Work instruction | Below are lines of records; copy exactly those from the one containing "Anvers de la" through the one containing "Ein vollständiger Satz Multimedia-Funktionen", leaving the pictures behind.

The records |

--- START ---

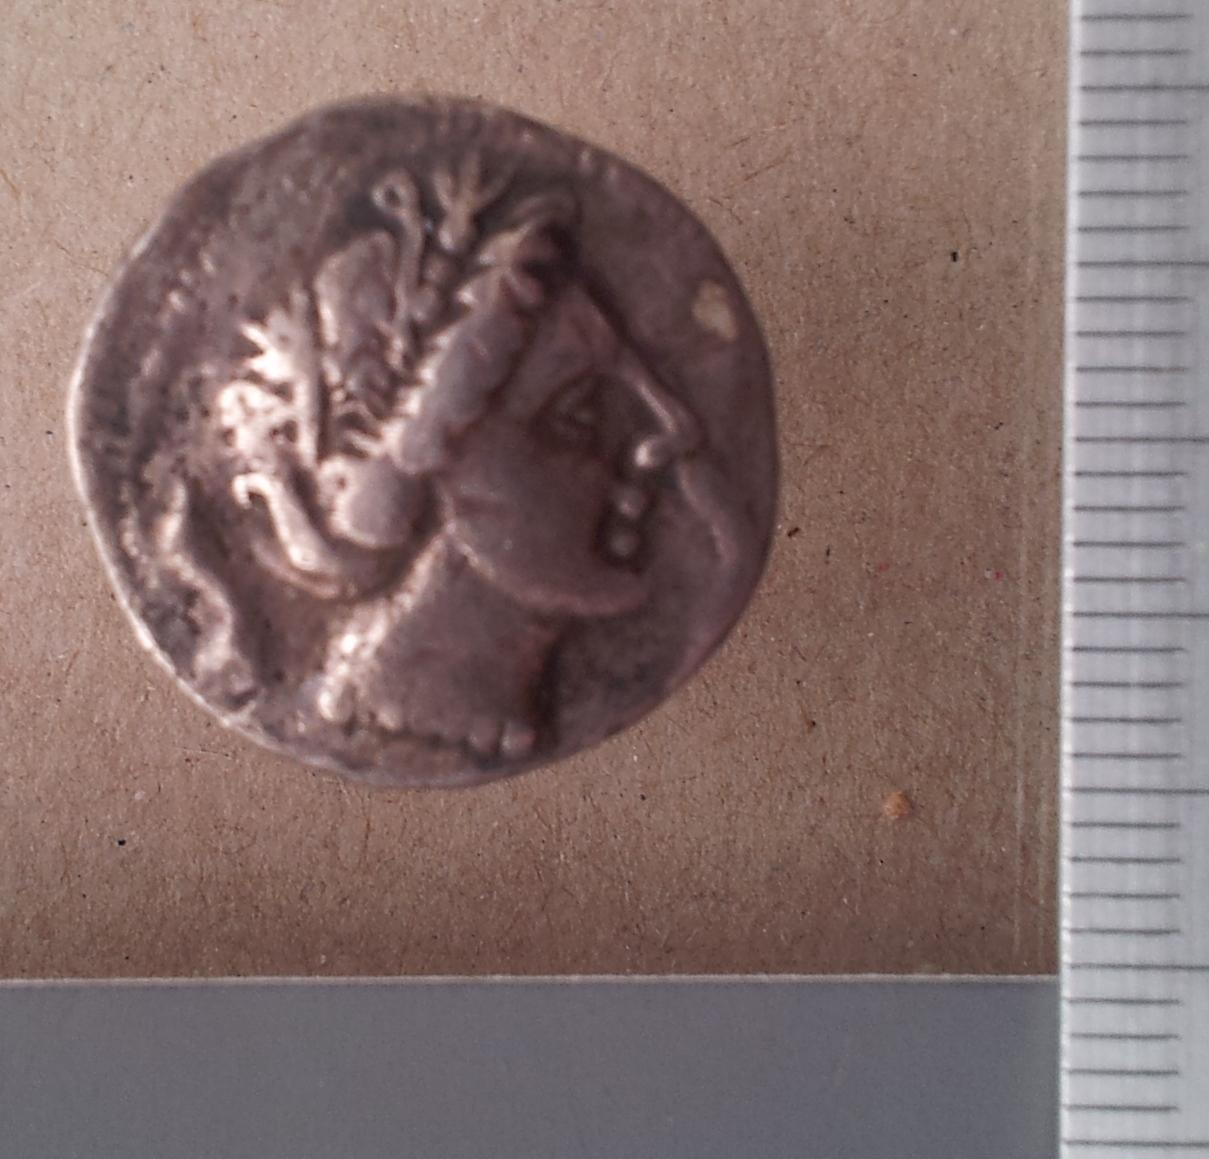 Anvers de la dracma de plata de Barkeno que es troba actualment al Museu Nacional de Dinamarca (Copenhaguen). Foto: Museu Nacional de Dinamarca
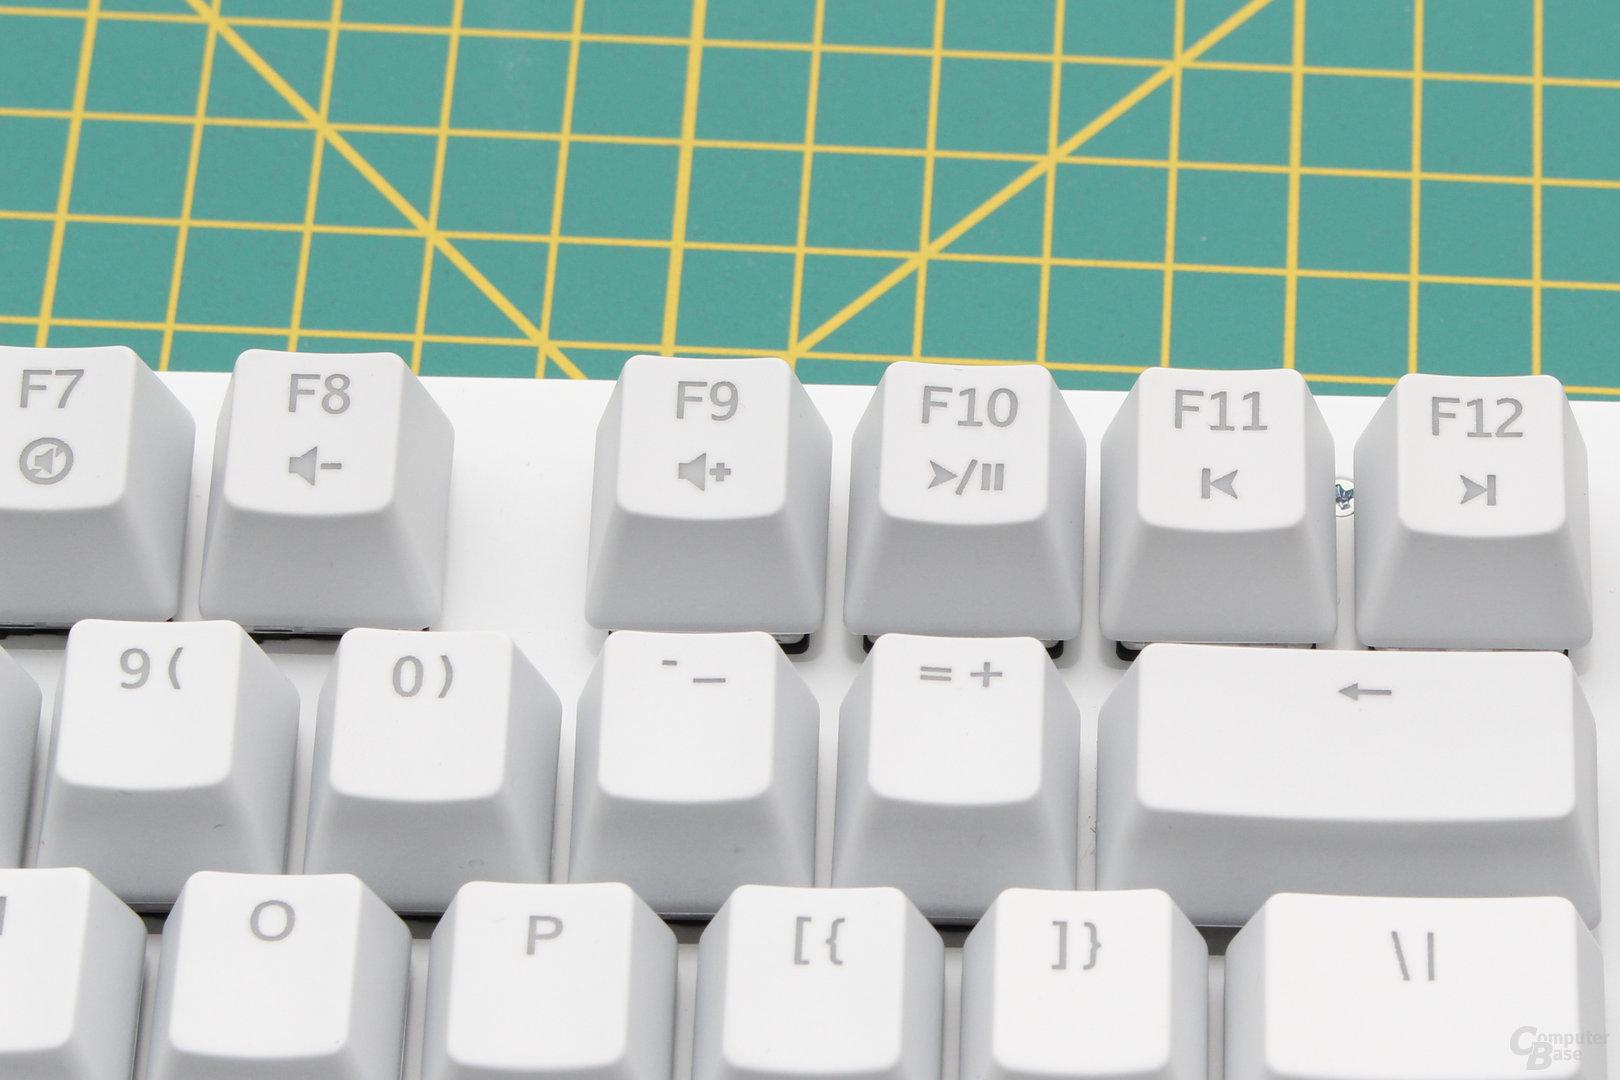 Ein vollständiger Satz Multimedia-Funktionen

--- END ---
--- START ---

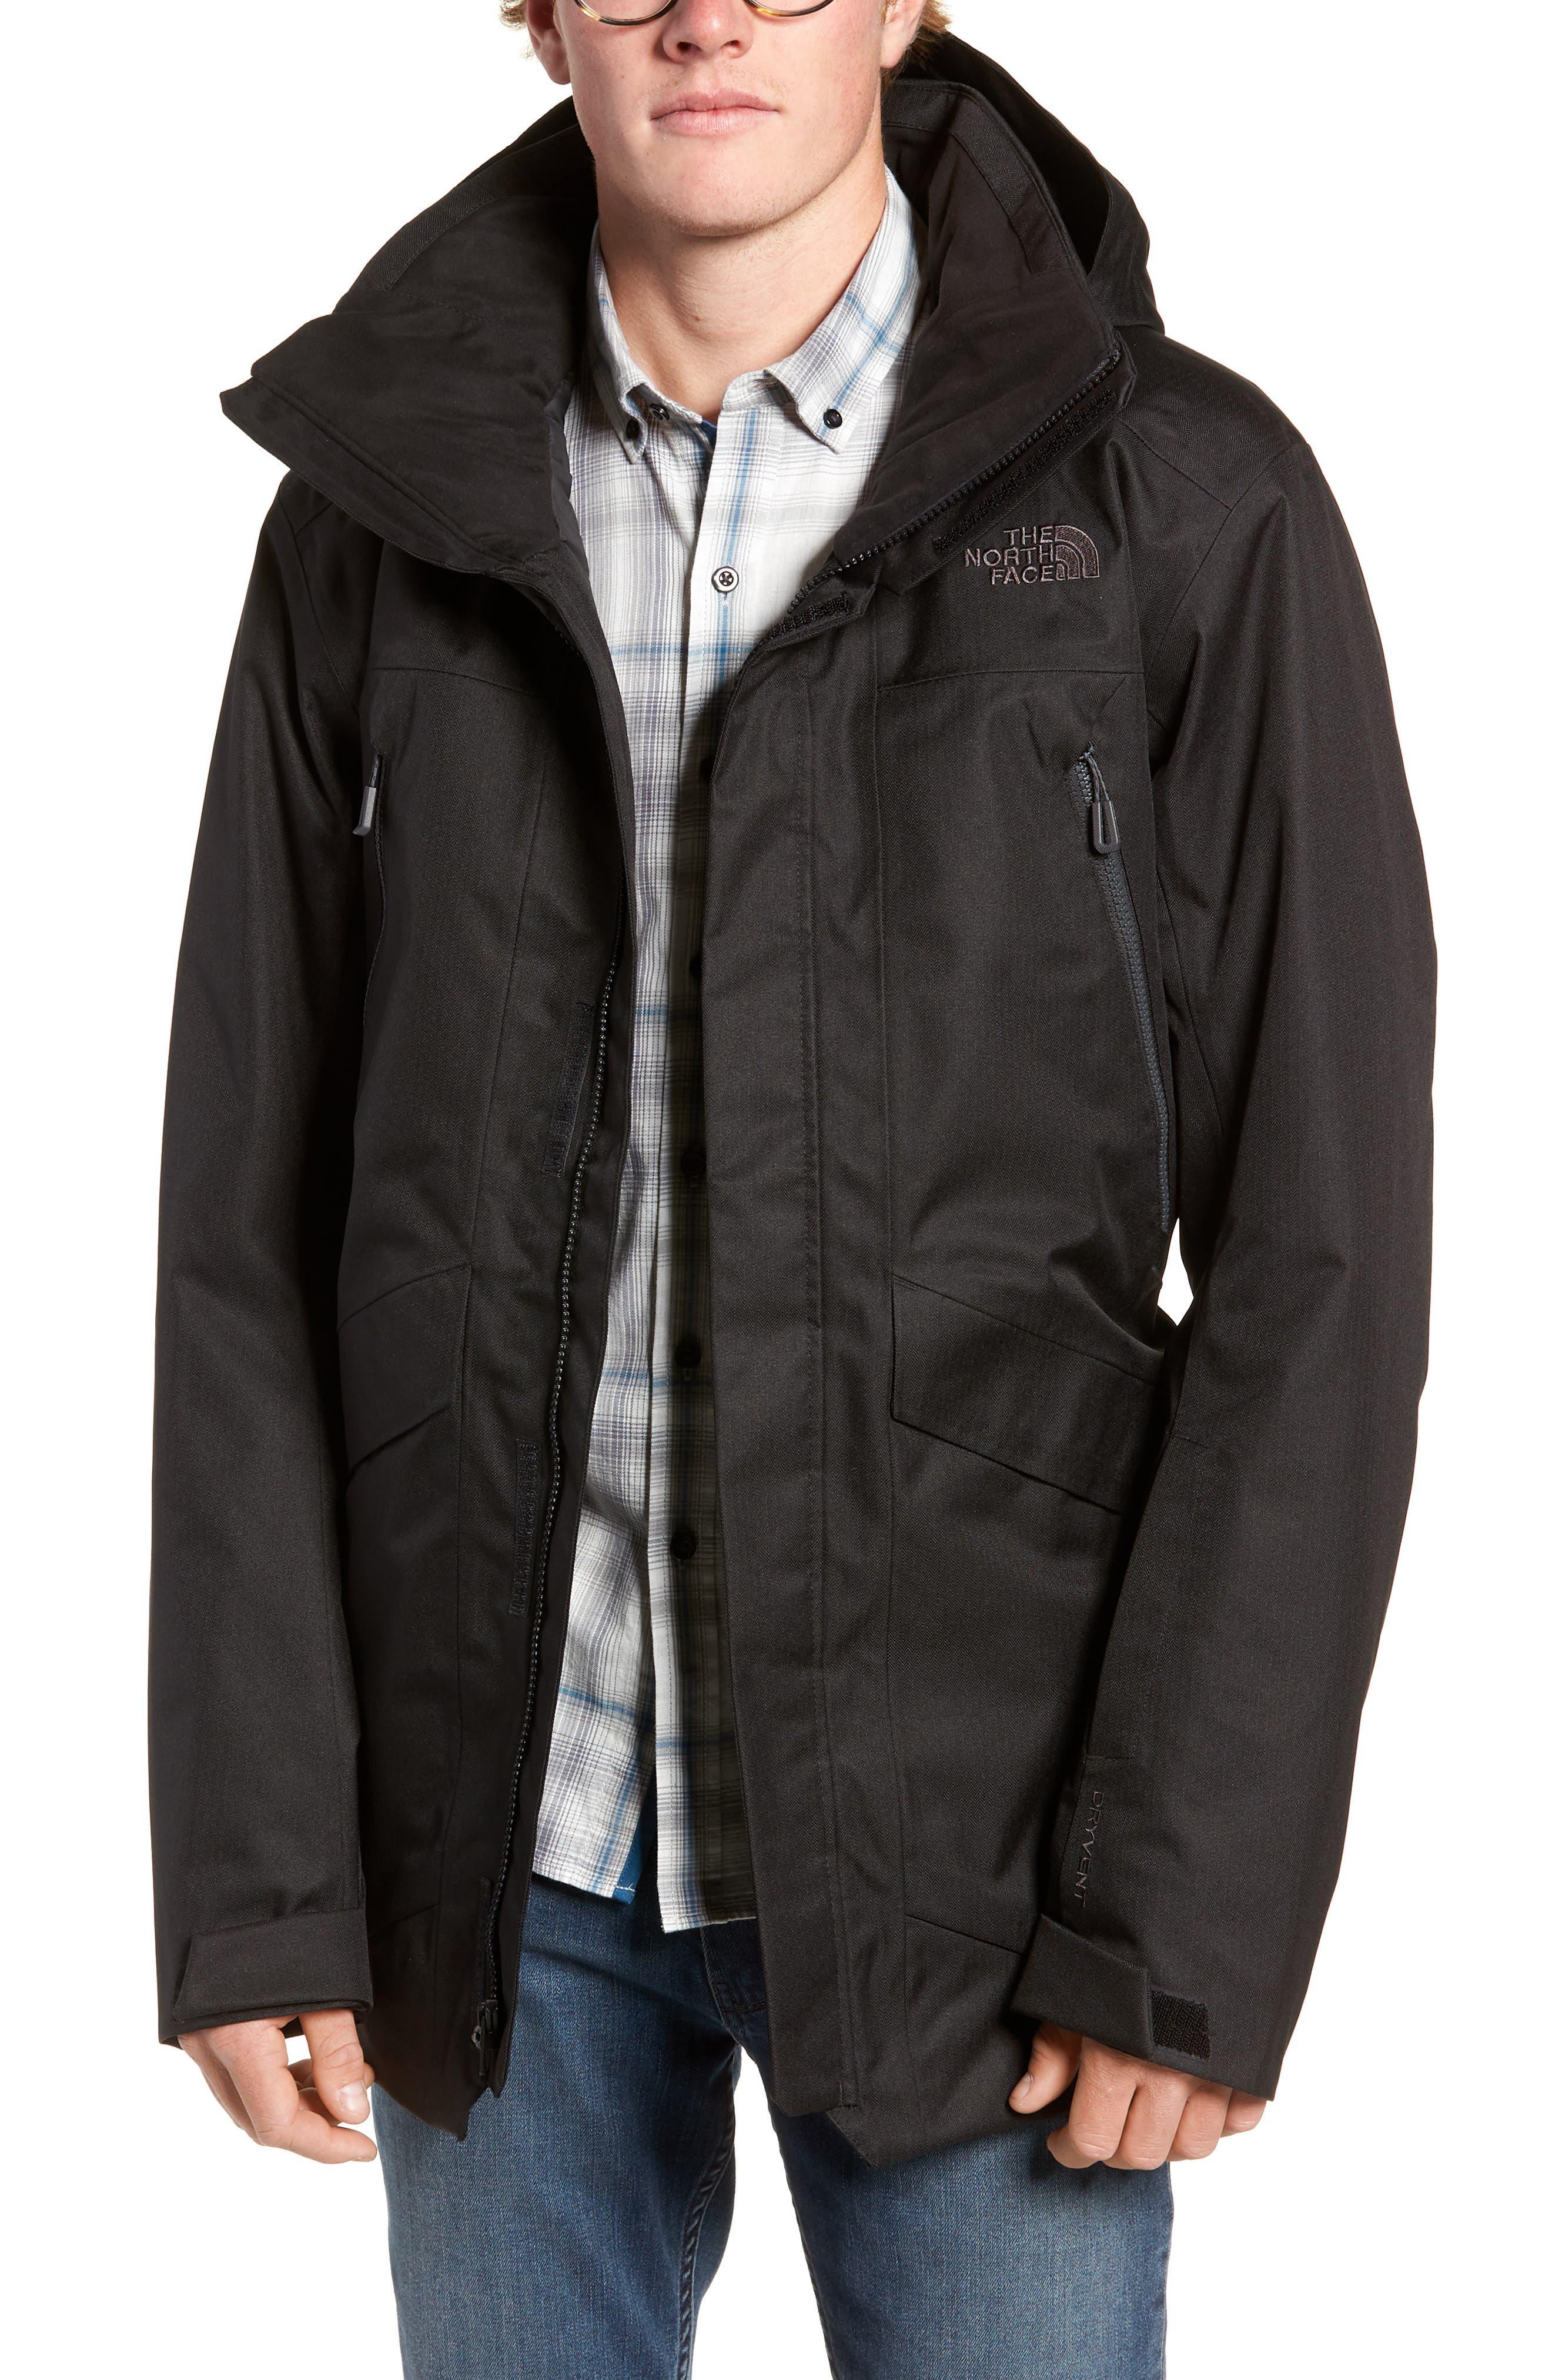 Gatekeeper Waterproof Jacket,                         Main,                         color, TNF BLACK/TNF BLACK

--- END ---

Response for this exercise |
 Anvers de la dracma de plata de Barkeno que es troba actualment al Museu Nacional de Dinamarca (Copenhaguen). Foto: Museu Nacional de Dinamarca
 Ein vollständiger Satz Multimedia-Funktionen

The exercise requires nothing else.